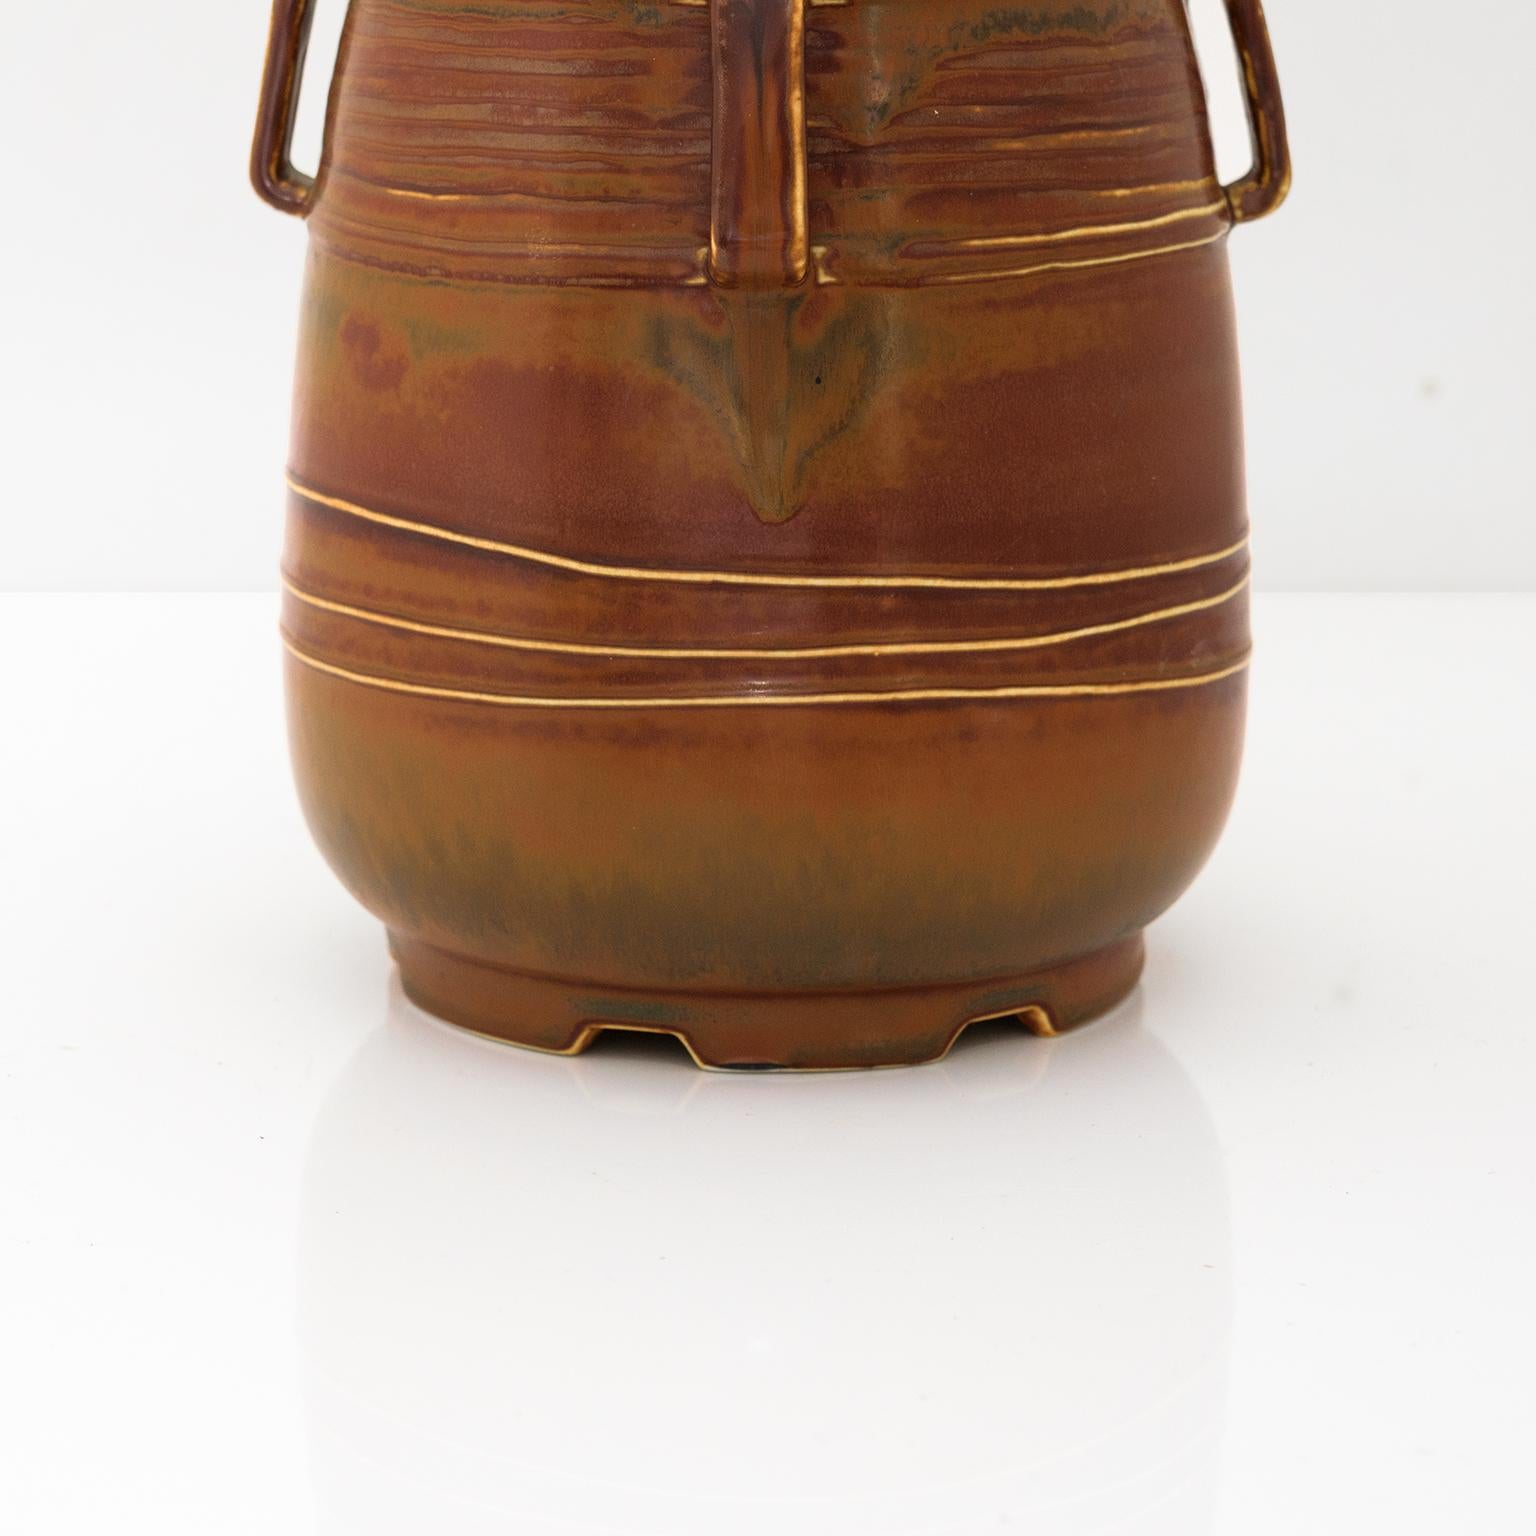 Clay Ebbe Sadolin Scandinavian Modern Vase, Bing & Gröndahl, Denmark, C. 1940s For Sale
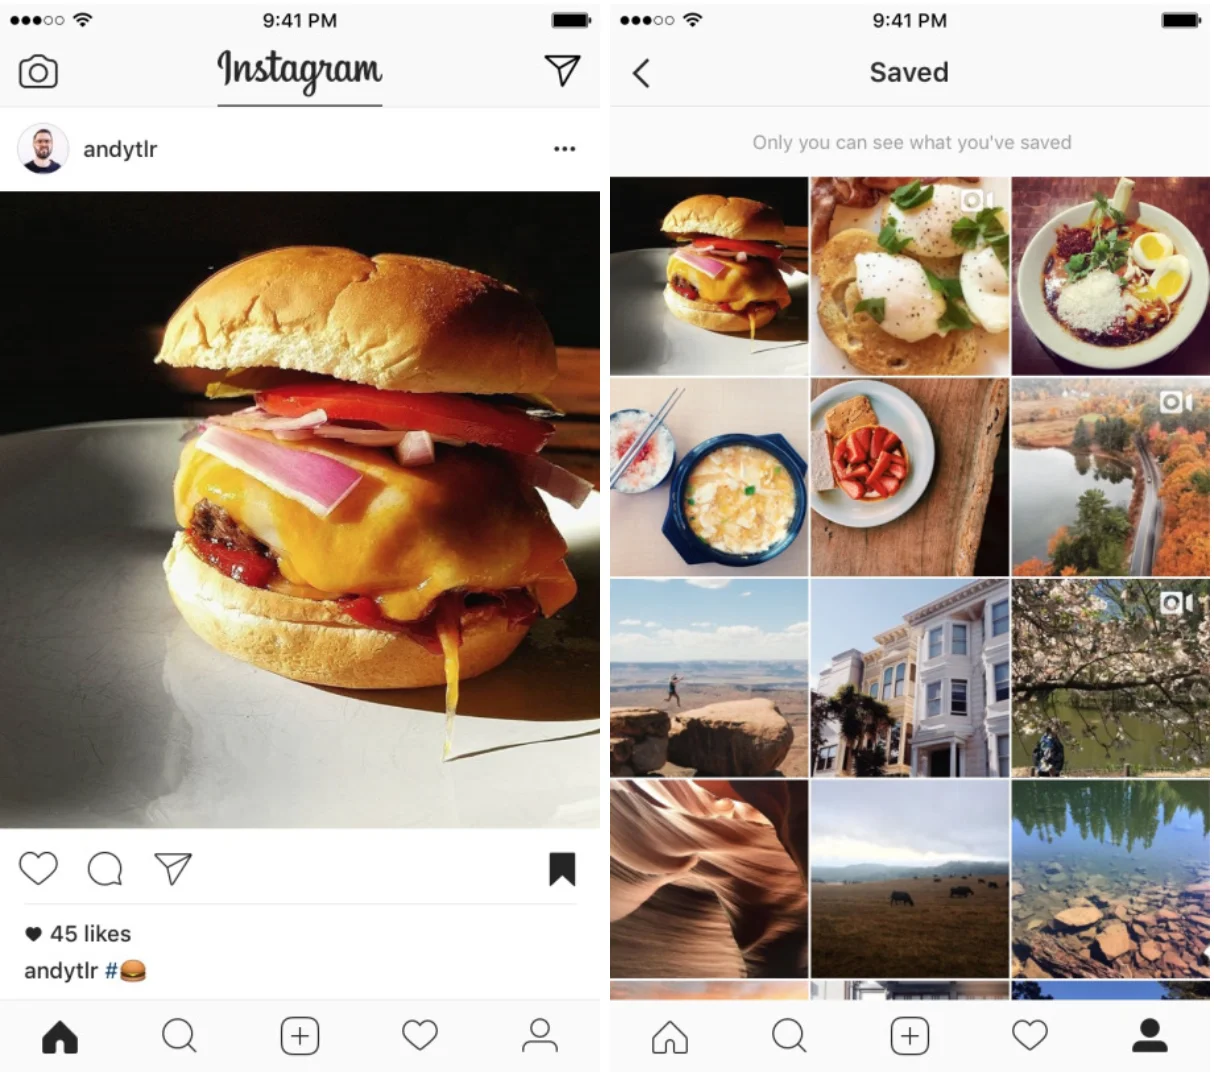 Шаблон истории рецептов instagram
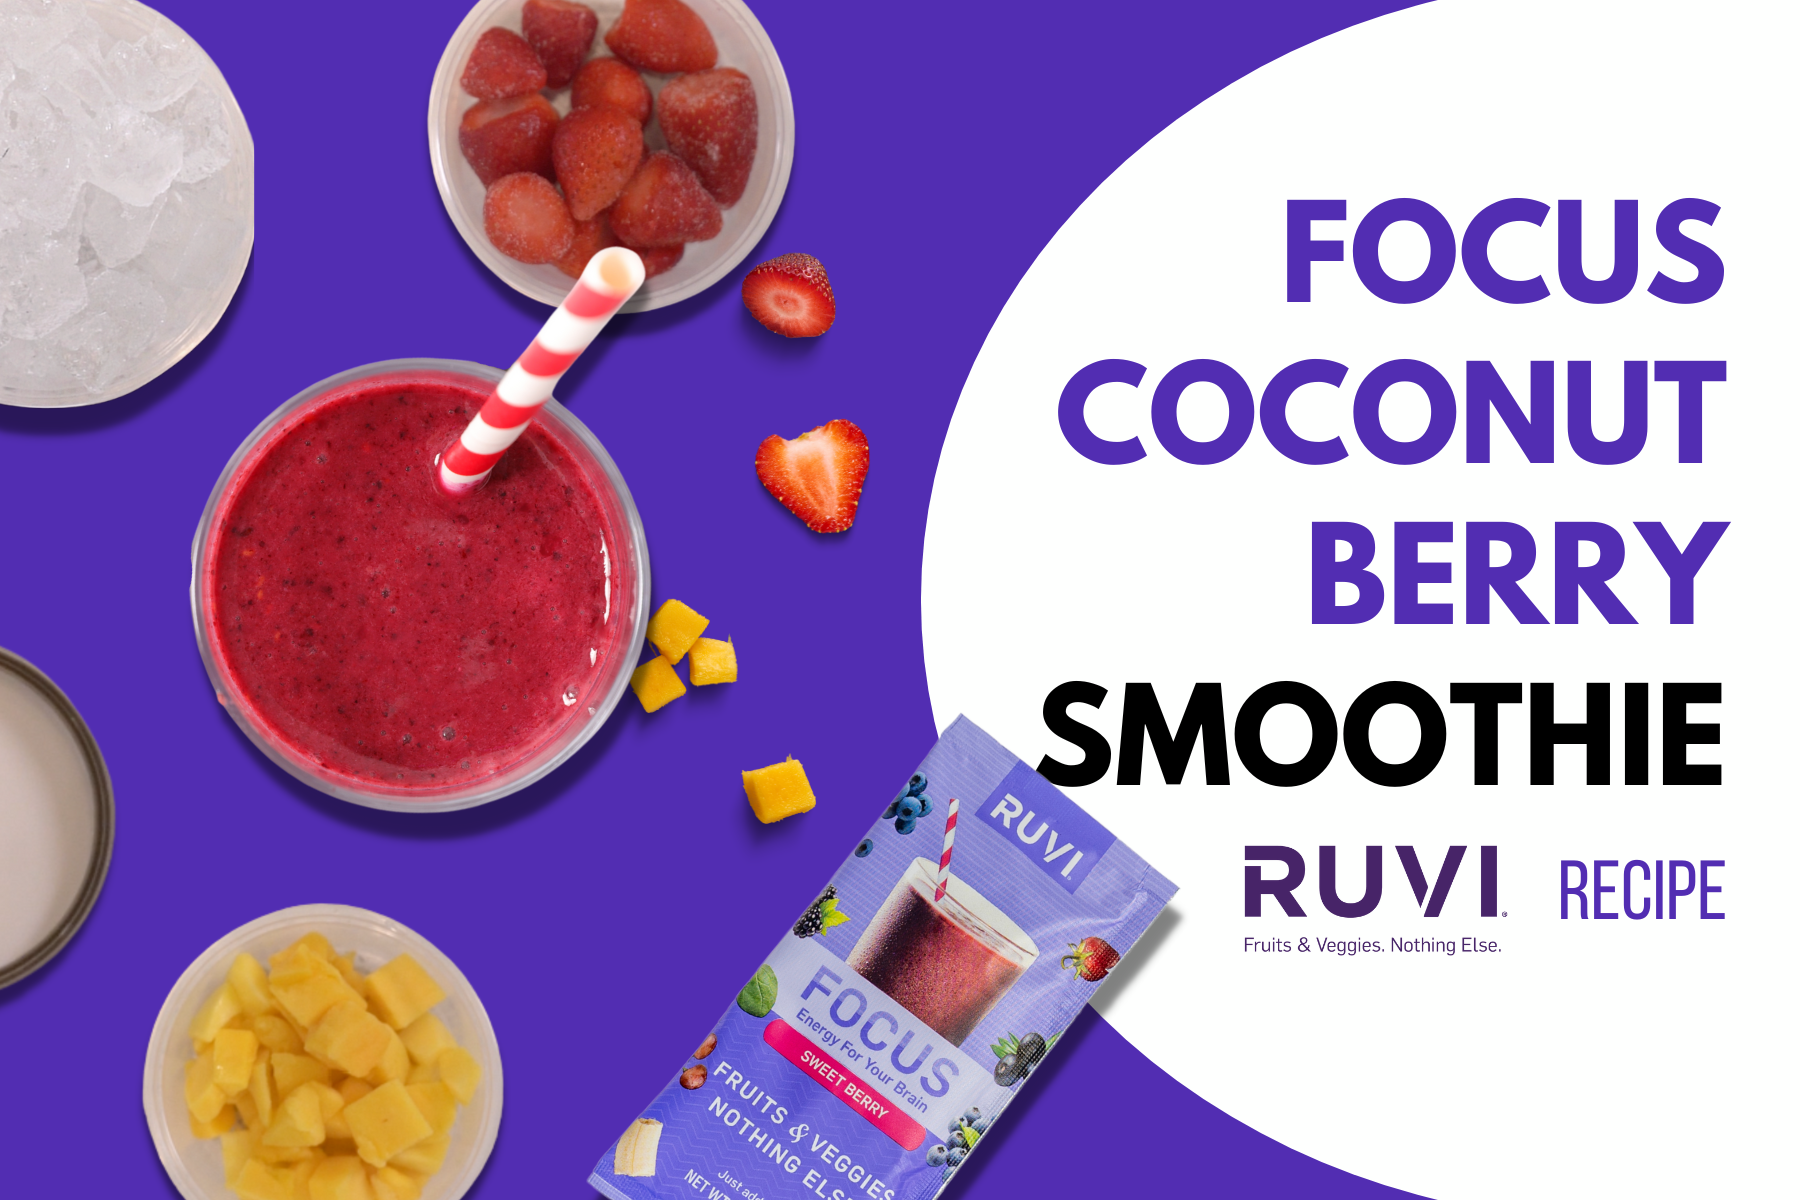 Ruvi Focus Coconut Berry Smoothie berries, mango, coconut smoothie recipe

**Exercise**:
When you repeat the data, keep every line exact and drop the images.

**Result for this task**:
 Clay Ebbe Sadolin Scandinavian Modern Vase, Bing & Gröndahl, Denmark, C. 1940s For Sale
 Шаблон истории рецептов instagram
 Ruvi Focus Coconut Berry Smoothie berries, mango, coconut smoothie recipe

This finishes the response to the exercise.